The paper positions co-speech gesture as a new interaction modality for LLM-empowered parametric modeling, then validates it with an elicitation study, a comparative within-subject user study, and a second usability study. The evidence supports a system-level contribution: a multimodal fusion pipeline, gesture parameterization, and comparative evaluation against speech-only and sketch+speech baselines on modeling tasks. The limitations are explicit: inference latency remains dominant, and the approach is not yet suited to complex industry-scale parametric modeling.

“ Figure 8: Interface overview of the JustShape AR system, showing how users review and refine 3D modeling results while wearing a head-mounted display. A prompt display panel (a) presents system-generated modeling prompts, with subpanels (a-1, a-2) illustrating example text prompts and their parsed descriptions”

actual novelty · 4.1 System Workflow · confidence 0.70

“ublished : 13 April 2026 Publication History 1 citation 3 Downloads New Citation Alert added! This alert has been successfully added and will be sent to: You will be notified whenever a record that you have chosen has been”

departure from common sense · 1 Introduction · confidence 0.66

“ These challenges are common across multimodal interaction systems and are shared by recent generative–model–based interfaces [ 5 , 29 ]. We anticipate that ongoing developments in specialized multimodal LLMs and spatial-reasoning models will reduce inference latency and support more reliable and seamless embodied interaction in future system”

limitation · 7.2 Robustness and Latency of the Multimodal Interaction · confidence 0.78

“ In this study, we compared our co-speech gesture interaction against two baseline conditions: text prompt and text plus sketch prompt, on a set of single-feature modeling tasks”

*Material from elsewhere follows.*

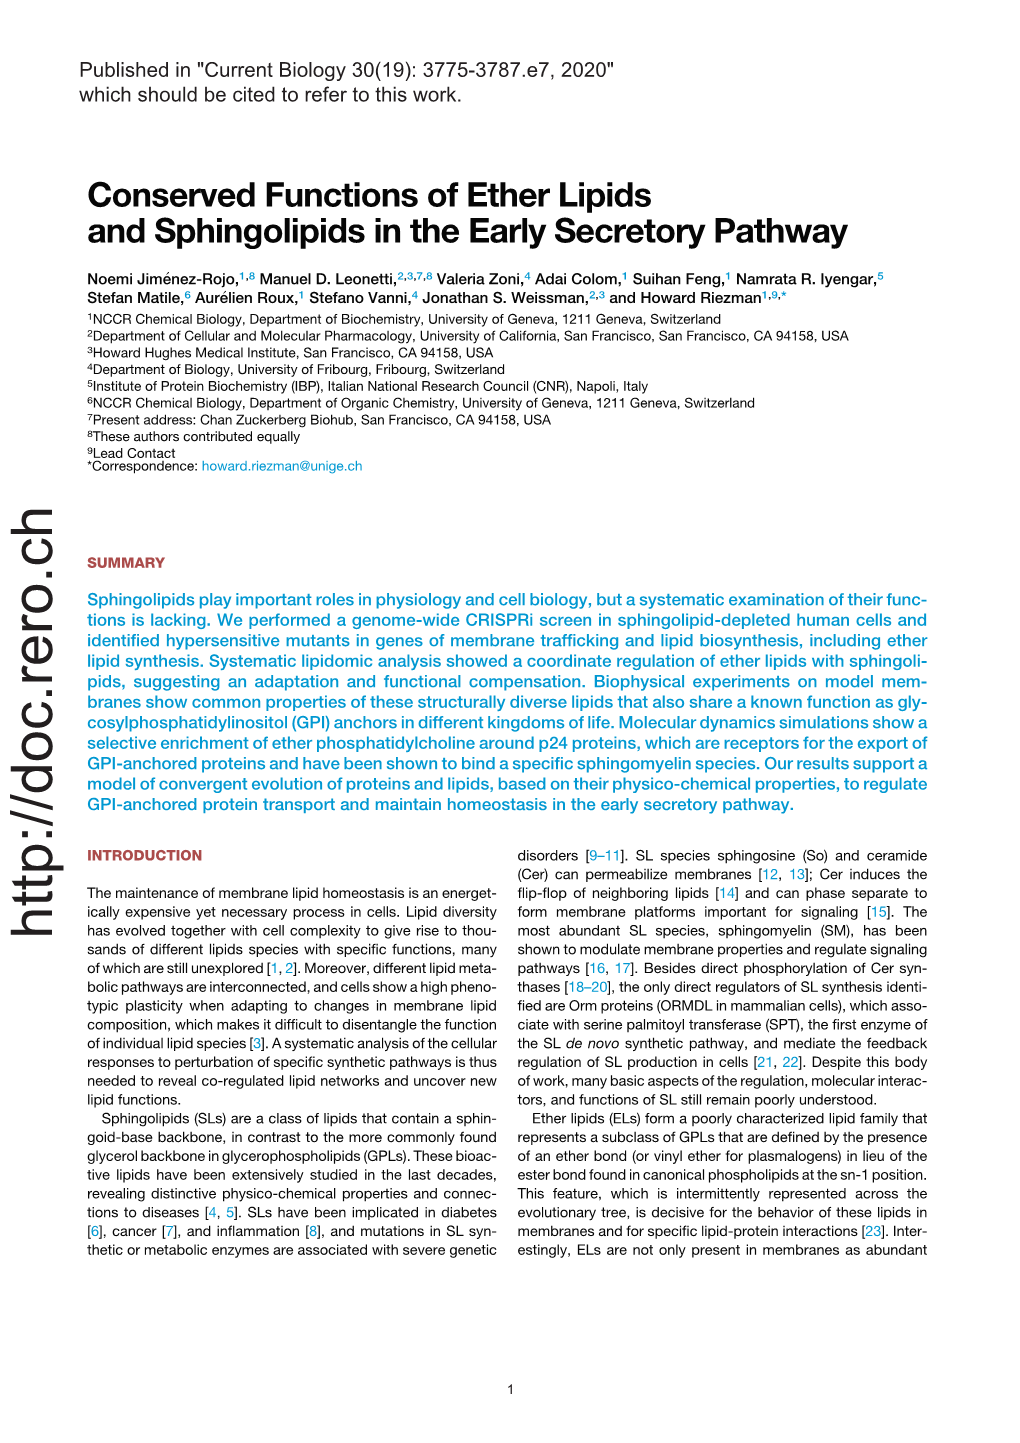 Conserved Functions of Ether Lipids and Sphingolipids in the Early Secretory Pathway

validation scope · 5.1 Participant and Procedures · confidence 0.72

Limits

Method limits

The evaluation is centered on controlled user studies and task-based comparisons, so it supports interaction and usability claims more than broad claims about general parametric modeling performance. The paper also notes that the system does not reduce multimodal LLM inference time, and that some gesture analysis stages remain variable.

Deployment limits

Practical deployment is constrained by LLM latency, and the authors indicate that reducing inference delay is outside the system architecture. The approach is also limited in handling complex or industry-level parametric models, and later-stage complex steps can be harder to recover from.

Boundary conditions

The contribution is best understood for novice or early-stage designers working on bounded parametric tasks where speech plus gesture can disambiguate intent. It is less established for expert CAD workflows, high-complexity industrial modeling, or settings where latency and error recovery are critical.

Position in field

This work sits at the intersection of multimodal interaction, gesture-based input, and LLM-assisted design tools. Its main field contribution is to move beyond gesture-as-command toward gesture-as-semantic design input for parametric modeling, backed by comparative user studies and a usability evaluation.

Abstract

Parametric modeling is a prevailing 3D modeling approach in design, architecture, and engineering. The emergence of multimodal large language models (LLMs) brings a new opportunity to lower the entry barriers to this powerful tool. However, describing 3D geometries through natural language can be fuzzy and challenging. We introduce co-speech gesture, a natural and expressive interaction modality to complement text prompts for LLM-empowered generative parametric modeling. We first conducted an elicitation study to explore and categorize co-speech gesture expressions. Based on the findings, we designed a multimodal fusion pipeline that parametrizes gestures and synthesizes them with speech. This approach reduces language ambiguity by translating implicit user intentions into explicit parametric attributes, thus lifting the model generation performance. We conducted a two-session user study testing and comparing it with traditional language and sketch inputs. This work streamlines the parametric modeling workflow and explores novel multimodal interaction paradigms for LLM-empowered design and creation.